After greeting my beloved Jane, Gabby and I load my few, but increasing amount of possessions into the storage room below the cooperative house on 18th and Alder. We then jump into the dark blue minibus Gabby borrowed, to pick up Evansi from campus. I look at the clock. 15:15pm, there’s still plenty of time. We spot Evansi in front of the Noodle Head where he grabbed his vegetarian Thai lunch, and wave at him to come over. “Hey ladies!” He jumps in the back and reaches over to hug Gabby and me simultaneously. As I manage to affectionately squeeze his hand, I look at the clock again. 15:16pm. “Really? Willemien, you have got to relax,” I hear a voice in my head. Another one responds: “But if she’s late for her Portland flight, she’ll be late for her New York flight, and then she’ll be late for her Johannesburg to Cape Town flight, and then she won’t be on time for the wedding and, and, and. All that excitement for nothing. And all that money wasted!” I guess this is the extra price you pay for saving up to buy your own R15 000 ticket home.
Evansi’s voice sirens through my anxious thoughts. “Are you ready for this? I’m going to miss you!” Miss me. I haven’t even had time to think about how much I was going to miss the magnificent friends I’ve made in Eugene. Some I’ll return to in three months, but others I might actually never see again. The reality that everything is going to change now, as it has many times before, suddenly hits me. I’m speechless. I’ve always been good at running away and I’ve always been terrible at goodbyes. Few times in my life I’ve met friends like Evansi and Gabby, who, despite our very diverse backgrounds, actually get me. Respect me. Understand my beliefs. Value my opinion. Mourn with me my hardships as I mourn theirs. It’s very rare to meet friends with whom and through whom you can become each other’s rocks, each other’s pillars of strength. Friends who help you understand the meaning of strength in numbers, because numbers are what you usually had to overcome. I know how rare this is because I have a handful of them back home in SA, and I’ve never forgotten what it had felt like to leave them.
I reflect for a brief moment on all the support and kindness I’ve received lately. Last night Gabby showed up at my house with a bottle of Dandelion wine to help me pack. This morning she helped me upload and unload all my stuff, without me having to ask once. When I ever need an ear, Evans is barely a text or a Facebook message away. And I can’t even begin to describe how special Jane made my birthday for me. A music concert, a photo board, a movie, lunch and breakfast – that was only half of it. I feel as if I don’t deserve any of this. And then AhYeong, Sachi, Sarah and Jaki’s bday contributions. Can I save all of this beauty into a snowglobe and shake it up and down whenever I feel alone or lost?
Birthday photoboard from Jane!
I am proud of myself for learning to love and to be loved, exactly the way that I imagine Arundhati Roy wishes me to.
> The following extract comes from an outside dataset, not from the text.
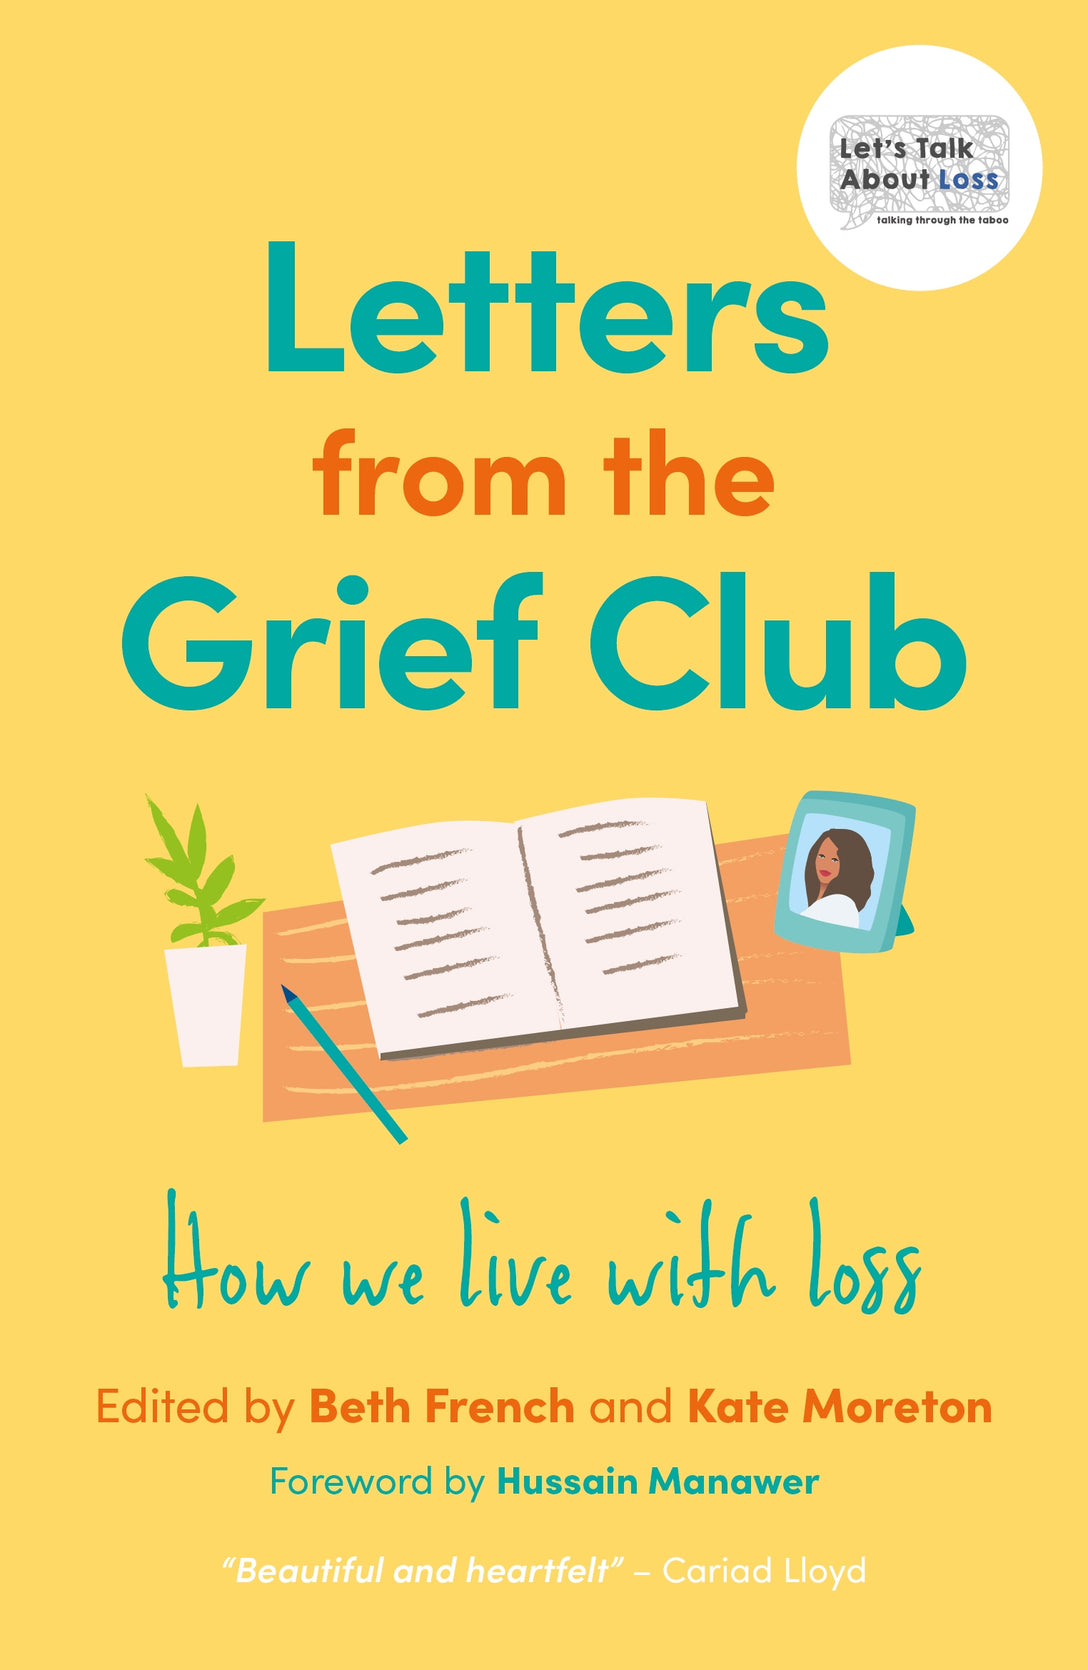 Letters from the Grief Club by Beth French, No Author Listed, Kate Moreton, Hussain Manawer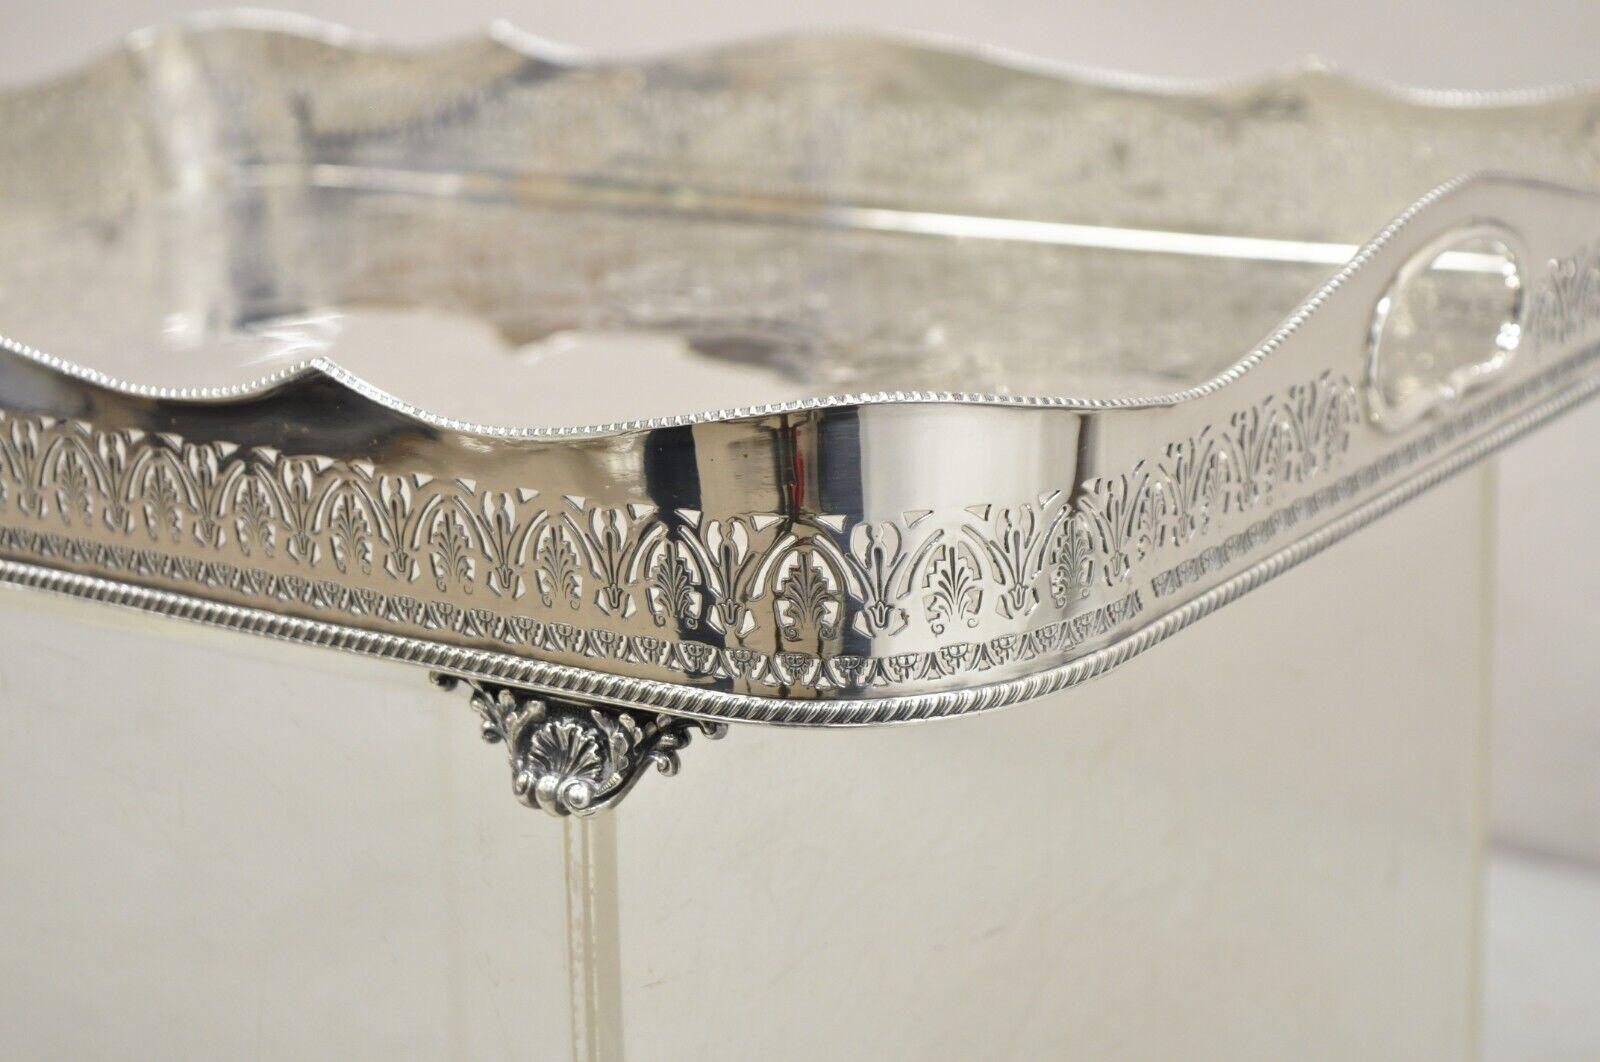 Antique English Sheffield Robert Adams Style Silver Plated Scalloped Serving Platter Tray. Circa Early to Mid 20th Century. Measurements: 3

Some days when I am confronting myself in my head, to prepare me for the conflict that I know I’ll run into in some parts of SA, I resort to my strongest argument: “All I want is to love and to be loved, is that too much to ask for?” For many it is. For many it comes with strings attached. For many it’s not enough. For me, it seems that simple.
I hug Evansi tight, I squeeze him the way only those born on African soil can appreciate. A hug of joy, of friendship, of longing, of yearning for our homes, of understanding the difficulties that come with that home, of knowing that we wouldn’t want it any other way, and of validating each other’s hopes that everything’s going to be okay. Our people will be okay, just get us back to them. I hug Gabby and I don’t want to let go. This hug says I will miss you, but it also says I have never met anyone like you. It tells her to be strong, yet it tells her to break down. It’s a hug of exhaustion, a recognition of the energy it has taken from her to deal with some of the harsh realities that only a woman of colour really knows. I wish I could give her more – more love, more strength, more hope – the kind that she deserves. But what I have left is what I’ll need for my own road ahead, and I know this is how the world works, in the end the three of us give as much as we can and preserve the rest for our own tough battles.
I want to leave them with a message to remember me by, I want to tell them that all I want is to love and to be loved. I want to explain how I find both of those extremely hard. To love – how do you do that? And how do you let yourself be loved? Yet, I don’t feel the need to say anything as I turn to walk away. They know that I love. I know that they love. It is the perfect balance.
Evansi, Gabby and me.
On the flight to South Africa I hear tourists throwing the Nelson Mandela buzzword around like they know the man personally. I shut my eyes and breathe deeply. Please do not trivialize our history by making him a commodity? South Africa is not Mandela and it’s not the World Cup, our people have existed and lived long before Hollywood discovered we’d make a good topic for tragic or feel-good movies. Tata Madiba, I wonder how you feel about all this hype around your health. I wonder how you feel about imperialism and poverty and corruption and nation-building. Tata, is the transformation in South Africa real or are we living in an illusion of unity? And what about equality and justice? I don’t want to live an illusion, I’d prefer to call a spade a spade. Before we end up 20 years later with people who claim they aren’t racist because they’ve got ‘black friends’, or aren’t classist because they ‘totally respect people’s decisions to live in townships’, or aren’t sexist but they find corrective rape funny, and aren’t homophobic but goodness knows ‘being gay is un-African’.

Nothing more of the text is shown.